Les années 1840 aux Etats-Unis. Un homme noir, libre tout ce qu’il y a de plus libre, musicien de son état à New-York ou Washington, vivant avec femme et enfants dans un joli pavillon, rencontre deux malandrins qui lui font miroiter une tournée lucrative dans tous les USA. Il les suit, dîne avec eux, se confond en remerciements. On lui sert un verre, puis un autre, un autre encore jusqu’à l’assommer d’alcool avant de le raccompagner fin saoul dans sa chambre d’hôtel. Il se réveille le lendemain enchaîné dans une cave. Un geôlier entre, notre homme proteste, expliquant qu’il est un noir libre, on le frappe au sang jusqu’à ce qu’il se taise, on le transporte en bateau en Louisiane où un négrier le vend aux enchères.
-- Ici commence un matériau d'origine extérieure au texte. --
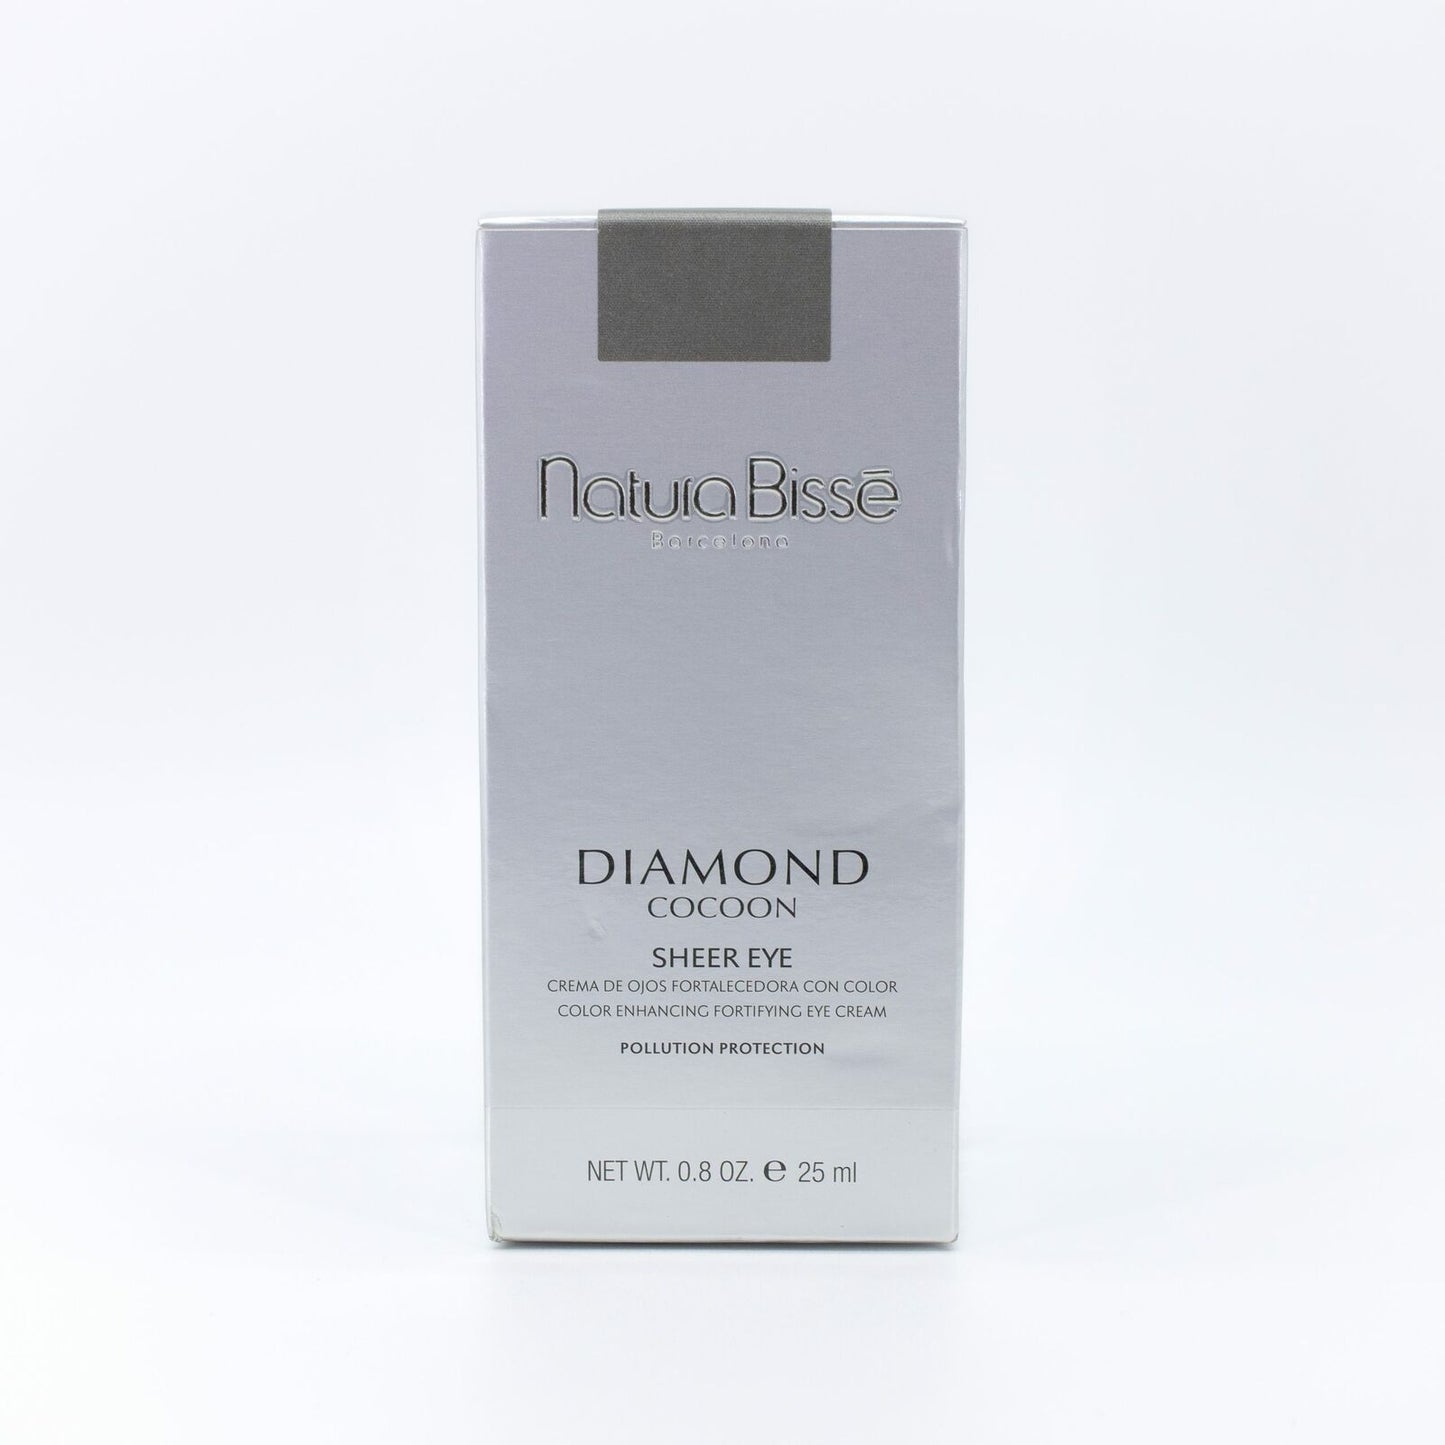 Natura Bisse Diamond Cocoon Sheer Eye 0.8oz - Imperfect Box

En une nuit, cet homme est devenu un esclave. D’abord entre les mains d’un propriétaire certes pas anti-système mais assez honnête homme pour remarquer les qualités exceptionnelles de Salomon qu’il sauvera du racisme vengeur de son  contremaître… en le vendant néanmoins à bien pire que lui.

Ce film inspiré d’une histoire vraie, dont on a retrouvé le récit autobiographique, tire évidemment une force singulière de cette situation d’homme libre « comme nous » réduit en esclavage. Et cette force, à elle seule, est étrange et un peu dérangeante. Les Africains capturés en Afrique étaient-ils donc moins libres chez eux qu’un homme libre chez nous ?  L’idée de départ et ce qu’elle charrie sont déjà vertigineux. Toujours se souvenir que Napoléon a rétabli l’esclavage aux Antilles après l’abolition révolutionnaire ; on ne cesse d’y penser tout au long de ce film âpre. Ce n’est pas une phrase, la France a fait des Salomon- le héros de ce film- par milliers entre 1802 et 1848. L’époque de l’action elle-même accroît le malaise tant elle nous paraît proche sinon contemporaine. On y voit des femmes violées, des dos lacérés à coups de fouet, des prières où tous les gens de la plantation sont là, le maître lisant les Saintes Ecritures en famille devant les esclaves, les punitions corporelles quand le rendement est inférieur à la norme, la femme du maître jalouse de celle dont son mari abuse, comme on l’est d’une maîtresse libre, et toutes les nuances de l’ignominie, de l’humiliation et de la honte.

On y voit aussi une victime qui n’est pas un héros, qui tente de se prévaloir de ses qualités pour attirer l’attention de ses « maîtres » sur l’évidence du quiproquo, qui baisse les yeux, renonce à s’enfuir, prend le fouet si on le lui ordonne sous peine de mort pour frapper son amie de la plantation.. On voit surtout ses compagnons de misère qui vaquent alentour, condamnés à l’indifférence, quand Salomon pend interminablement à une corde, évitant la strangulation de quelques centimètres, sur la pointe des pieds. Et cette scène si longue, si insupportable, d’une torture suspendue à l’arrivée du maître que l’on consulte avant d’en finir car on doute qu’il veuille perdre l’hypothèque qu’il a consentie sur ce corps en garantie du prix d’achat, est une des plus fortes du film avec celle de la flagellation.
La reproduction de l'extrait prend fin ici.